У калитки стояла какая-то женщина, которая сразу сказала:
– Опоздали вы маленько – Николая Иваныча из школы хоронили… Вы прямо на кладбище поезжайте, может, поспеете до схоронения… Лариса сказала, что на поминки часа в два вернутся… А вы знаете, где кладбище?
– Знаю, спасибо…
Я повернулся к машине, и тут разнесся протяжный визг, острый высокий вой, гневный лай, опадающий в жалобный тонкий скулеж. Барс. Это Барс услышал и узнал мой голос.
– А где собака? – спросил я женщину.
– В доме пока заперли, – вздохнула тяжело она. – Жалко пса, прям как человек убивается… В сенях его пока оставили, а то бы на кладбище побежал… Не дело это… Как все вернутся – выпустим… А времени пройдет сколько-то, глядишь, привыкнет пес… Дети родные и те привыкают… Все привыкают… Мертвого-то не воротишь…
Я взбежал по ступенькам, распахнул дверь, и Барс черным лохматым комом вывалился мне навстречу, встал на задние лапы, лизнул жарко в лицо, тяжело дыша, забил тугой метлой хвоста по струганым доскам крыльца.
– Куда вы его? – закричала женщина. – С ним Ларка и та не может справиться! Убежит он теперь…
– Некуда ему бежать, – сказал я. – Поехали со мной, Барс…
Барс улегся на заднем сиденье, свернулся клубком, засунул морду под лапы и замер. А я погнал машину обратно – через безлюдный центр, через Приречье и Маросановку – к кладбищу.
По всем статям Барс мог бы сойти за овчарку, если бы не вялые уши и загнутый кренделем вверх хвост. Несколько лет назад этот симпатичный беспород приблудился к Кольянычу и остался навсегда. Тогда еще я спросил Кольяныча, почему он раньше не держал собаку.
– Раньше не мог себе позволить, – усмехнулся он. – А теперь могу…
– Почему? – удивился я.
– А она теперь со мной на всю жизнь – до конца. Обычно люди, когда берут собаку, не задумываются над тем, что почти наверняка переживут ее. А собака – не стул, не костюм. Вместе с ней потеряешь часть себя. А теперь все по-честному – никому не ведомо, кто из нас кого провожать будет…
Вот и вышло как он хотел – Барс его провожает.
Опоздали мы на похороны. Подъехали к воротам кладбища, а оттуда люди уже выходят. Много стариков, много детей в школьной форме. И множество каких-то нераспознанных мною людей в одинаковой одежде и с одинаковыми лицами – мне всегда толпа у гроба кажется неразличимой. Только старики и дети запоминаются, они ни на кого не похожи, каждый сам по себе.
Я оставил Барса в машине, и мы с Галей прошли по единственной аллейке кладбища, почти до самого конца, туда, где за невысоким забором густо разрослись осокори и вербы и далеко видна утекающая к югу река.

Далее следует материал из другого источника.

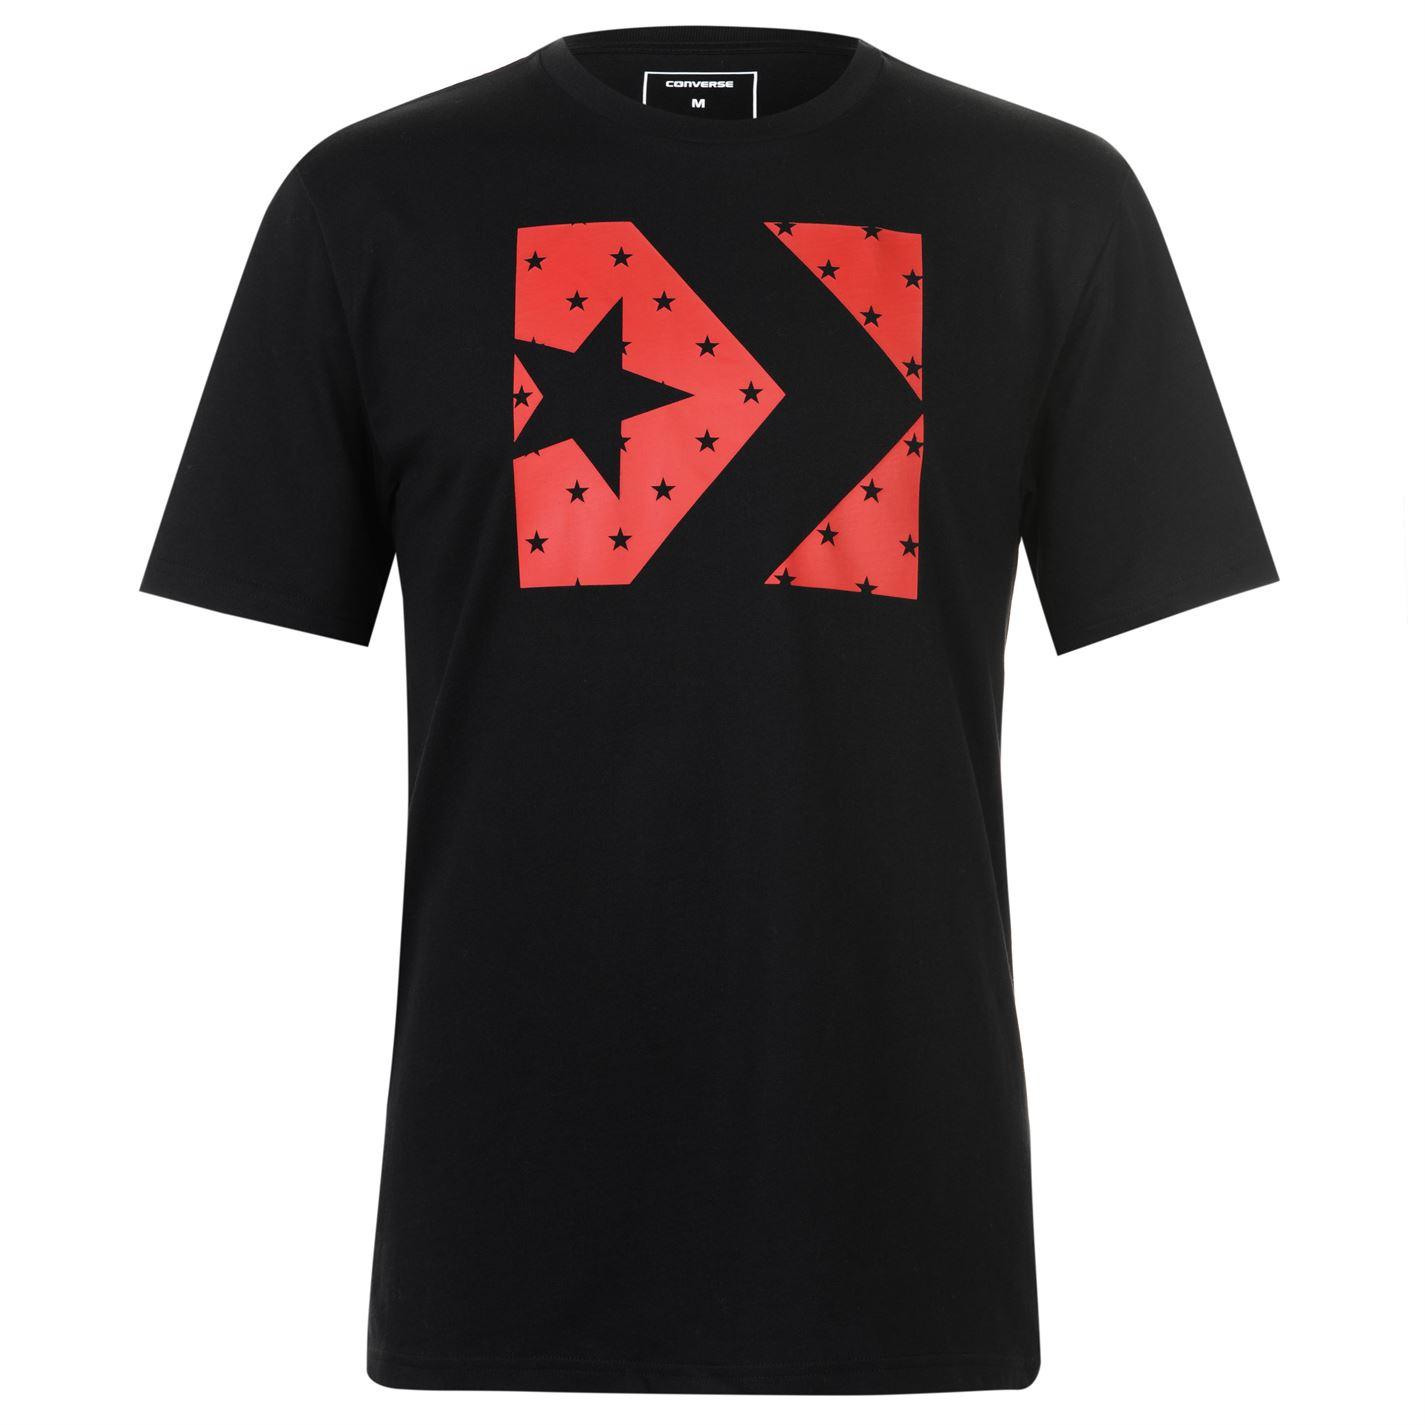 496dca7c183 Converse pletený tričko

Холм из цветов и жестяная табличка: «Николай Иванович Коростылев, 73 лет». Пригорюнившаяся, с сухими глазами, стояла Лариса, опираясь на дебелое плечо своего Владилена, дежурно-огорченное лицо которого никак не могло скрыть бушующих в нем жизненных соков. Понурые, уставшие от неприятной и не очень понятной им печальной процедуры, ковыряли носками ботинок песок их двое мальчишек.
И незнакомая мне совсем молодая женщина в черном платье.
Владилен, истомленный ролью скорбящего родственника, откровенно обрадовался мне, замахал рукой, и в его гостеприимно приглашающих жестах было облегчение человека, получившего возможность размять затекшие конечности.
– Жалко, очень жалко старика, – сказал он мне физкультурным голосом и разумно-рассудительно добавил: – Да ведь сам вместо него не ляжешь…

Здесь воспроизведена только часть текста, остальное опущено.